Russo-Ukrainian War 3/20/22

Aleksandr Bortnikov meeting with Dmitri Medvedev in 2009, regarding operations in Chechnya.

A Russian airstrike hit a Ukrainian chemical plant, releasing copious amounts of ammonia into the air. Affecting about 5km near Sumy, the leak is being responded to by emergency services, and local citizens advised their breathing precautions. It is unknown whether Russia will own up to the attack or use it as a false-flag incident to escalate further. Yet whether accidental or intentional, it is the first serious chemical disaster of the war.

The Russian military recently sent an ultimatum to Mariupol, demanding its surrender. Predictably, the Ukrainian garrison rejected their demands, giving rise to fears of an imminent escalation.

This comes with new intelligence from anonymous U.S. sources that Russia may back down from Kyiv, having realized the only real way to take the city is through the use of a WMD. Should this be the case, if Russia’s airstrike on the chemical facility is any indicator, it could be Putin’s way of testing the West’s reaction and slowly escalating
to try and turn the tide of the war. Yet these reports conflict with other American and British sources, claiming that Russian troops continue to attempt to take Kyiv despite weeks of failure.

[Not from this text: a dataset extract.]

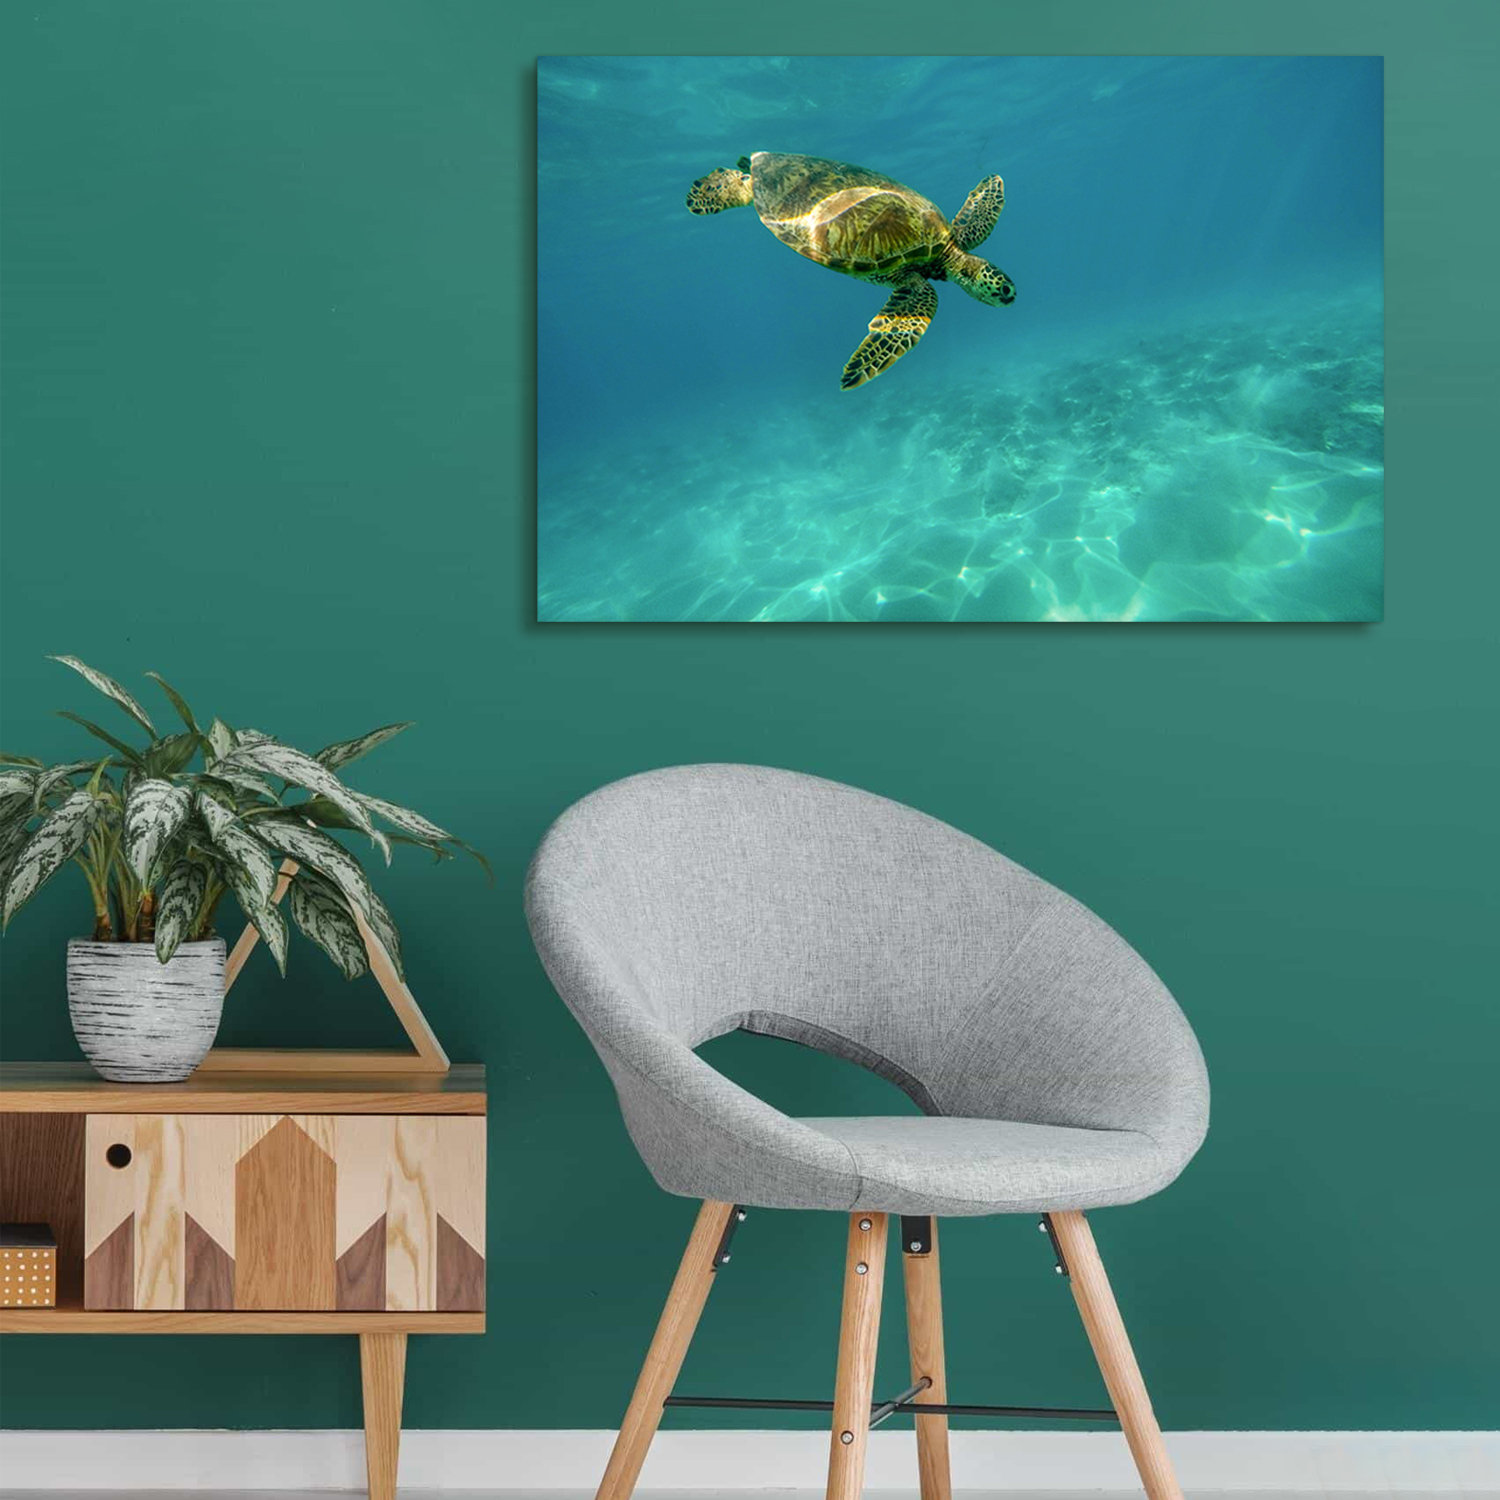 Framed Canvas Sea Turtle Wall Art Decor Painting,Decoration for Office,Dining Room,Living Room, Bathroom, Bedroom Decor-Ready to Hang On Canvas Photog

Within Russia itself, there is speculation that members of the Young Army Cadets, with members as young as 16-17, may be sent to Ukraine. This comes along with a potential cease of regional elections for governors in the Russian Federation, a drastic step towards Soviet leadership.

Yet as Putin flirts with a new Imperial Russia, he will have to be wary of dissent much like the Tsars before him. Unconfirmed reports by Ukrainian intelligence speak of a plot by senior elites to overthrow Putin, installing Aleksandr Bortnikov, head of the FSB, as the new President. With FSB officials having already gone on record against the invasion, it may only be a matter of time and pressure before Putin is quietly removed, replaced by a nameless figure as Russia recomposes itself, perhaps not in the way the people may want: but in a way that oligarchs may retain some modicum of power.